Sacha Verna | 11.12.2000
    Das Tagebuch des Sommerfrischlers Vasseur ist ein Zeitroman in tausendundeiner Karikatur. In dreiundzwanzig Kapiteln - nicht etwa in einundzwanzig wie zu erwarten wäre - führt Mirbeau Personen unterschiedlichster Berufe und Berufungen vor, die wenig, aber Wesentliches verbindet: Sie alle sind ziemlich miese Kerle. So planscht in den Thermalbädern von X der Winkeladvokat neben dem verschlagenen Bürgermeister und der skrupellose Marquis neben dem fanatischen General a.D., es ist dort, um es mit Georges Vasseurs Worten zu sagen, "eine unerträgliche Kollektion sämtlicher Vertreter der Menschheit" versammelt. Dabei lässt Mirbeau pikanterweise real existierende Figuren neben fiktiven auftreten. Er verschont weder gefeierte Saionpoeten noch amtierende Staatsminister, und verschafft ihnen die zweifelhafte Ehre, sich an der Seite von Mirbeauschen Kopfgeburten wie Dr.Fardeau-Fardat oder Isidor-Joseph Tarabustin von ihren Verdauungsbeschwerden und Kniegelenkarthrosen zu erholen. Dass der Autor von den lebenden Persönlichkeiten ebensowenig hält wie von den erfundenen, versteht sich von selbst. Mirbeau hatte sich nicht umsonst einen Namen gemacht als scharfzüngiger Kritiker all dessen, was auch nur entfernt nach miefigem Bürgertum, scheinheiligem Klerus oder Hurra-Kapitalismus aussah. Wenige Schriftsteller sind im Frankreich des "Fin de siècle" so vehement gegen politische Wurstel- und soziale Sauereien angetreten wie dieser 1848 geborene Romancier, Dramatiker und Feuilletonist.

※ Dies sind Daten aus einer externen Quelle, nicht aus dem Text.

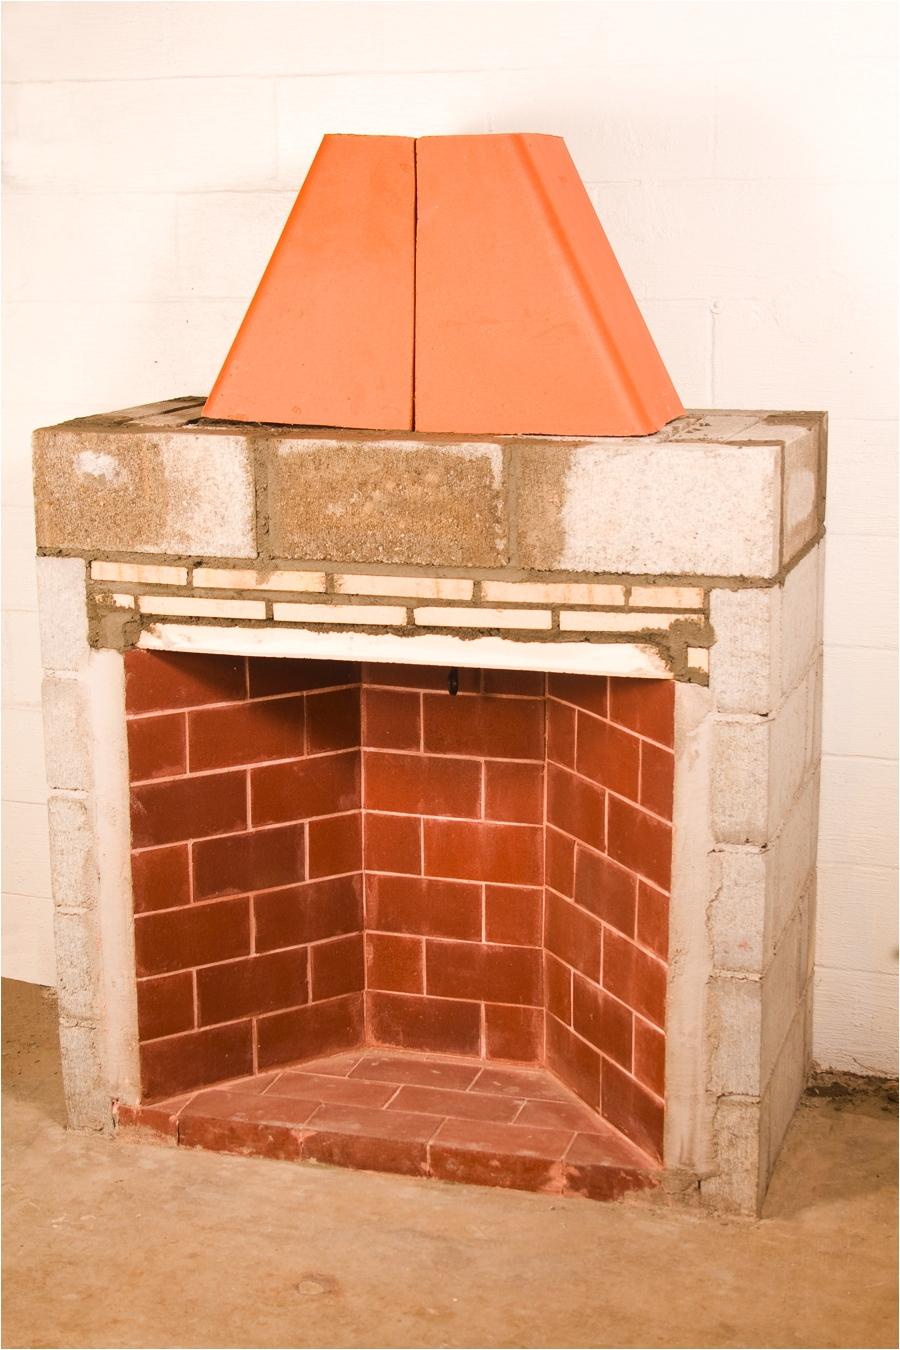 rumford fireplace smoke chamber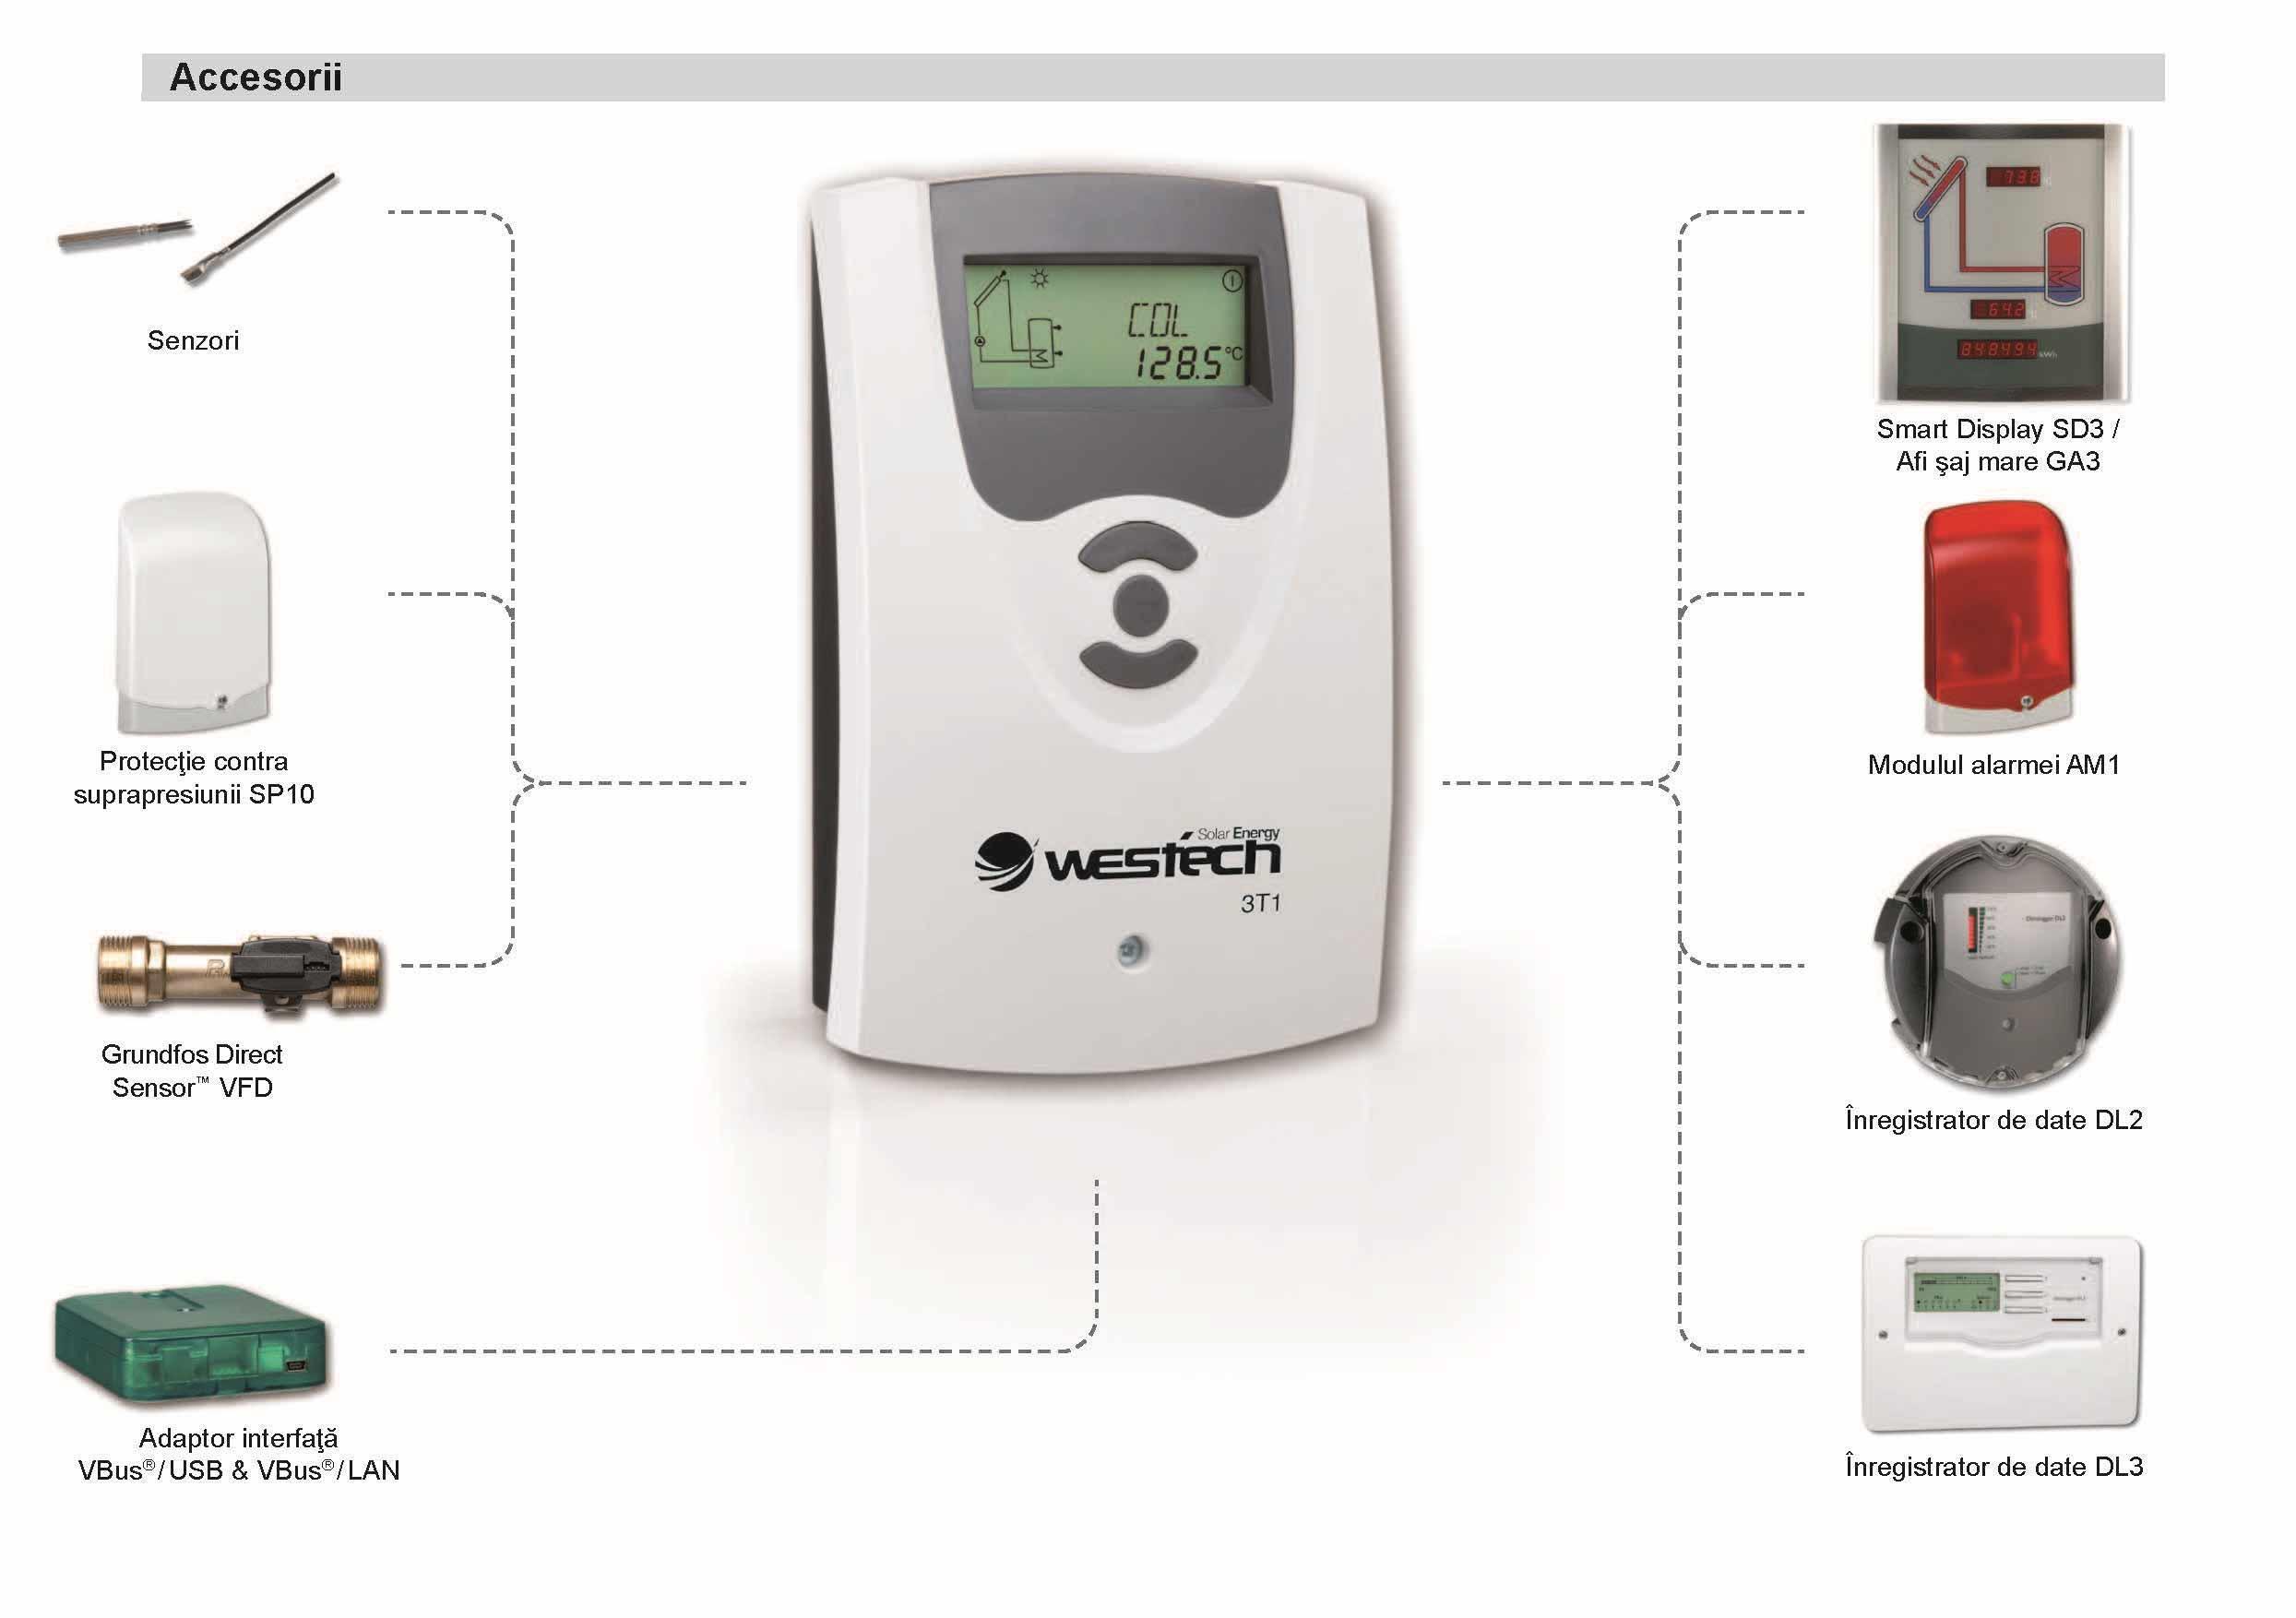 Automatizare-instalatie-solara--Westech-3T1-inclusiv-3-senzori-PT1000

    Wo immer ein Skandal vertuscht werden sollte, war Mirbeau zur Stelle, um die honorigen Gauner mit spitzer Feder zu durchbohren. In der Dreyfus-Affäre zum Beispiel kämpfte er bereits für einen Revisionsprozess, als Emile Zolas "J'accuse..." noch in weiter Ferne lag. Im Grunde genommen ist auch "Die 21 Tage eines Neurasthenikers" eine Anklageschrift - eine sehr vergnügliche freilich. Mirbeau ruft darin zum Kehraus in einer Gesellschaft, die seiner Ansicht nach dem düsteren, starren Gebirge gleicht, das X umgibt, und zum Inbegriff dessen verkommen ist, "was das Universum an unheilbarer Trübsal, an rabenschwarzer Entmutigung, an unerträglicher und tödlicher Atmosphäre überhaupt zu bieten hat". Er präsentiert die Welt als Monstrositätenkabinett, bevölkert von Leuten, die ihre Wohnungen mit Negerhäuten tapezieren und Reichtümer horten, die morden, weil ihnen gerade danach zumute ist, und die sowieso korrupt sind bis in die Knochen. Dabei übt sich Mirbeau keineswegs in simpler Schwarz-Weiss-Malerei. Er zeigt vielmehr, dass im ärmsten Teufel oft derselbe Triebtäter steckt wie im wohlig rülpsenden Geldsack.

    Wo Thomas Mann später mit feinster Ironie spielen wird, steht bei Mirbeau blanker Hohn. Und statt einer ausgeklügelten Romankonstruktion bietet Mirbeau pure Romandekonstruktion, indem er die einzelnen Porträts scheinbar vollkommen kunstlos aneinanderreiht- eine Art anarchischer Comicstrip als Antwort auf ein verkrustetes System. Octav Mirbeau war ein Pessimist. In seiner Radikalität ist er dem Profizyniker Michel Houellebcq nicht unähnlich, wobei er im Unterschied zu Houellebecq auf seine Weise noch an die Notwendigkeit und die mögliche Wirkung einer "littérature engagée" glaubte. Doch braucht man Mirbeau gar nicht aktueller zu machen, als er ist. Wieland Grommes versucht zwar in seinem ansonsten äusserst lesenswerten Nachwort, Parallelen aufzuzeigen zwischen den damaligen und den heutigen Verhältnissen in Politik und Wirtschaft. Aber so einfach geht's wohl nicht. Es genügt, sich darüber zu freuen, dass dieses wortgewordene Panoptikum menschlicher Perversitäten in Grommes' präziser Übersetzung nun auch dem deutschsprachigen Leser ein paar erschreckend amüsante Stunden bereiten kann. "Ich habe den Führer bestellt, der mich wieder zurückbringen soll zu den Menschen, dem Leben, dem Licht", schreibt Georges Vasseur am Schluss, "morgen, gleich bei Tagesanbruch, fahre ich ab...".Hoffen wir, dass ihm die Flucht gelungen ist.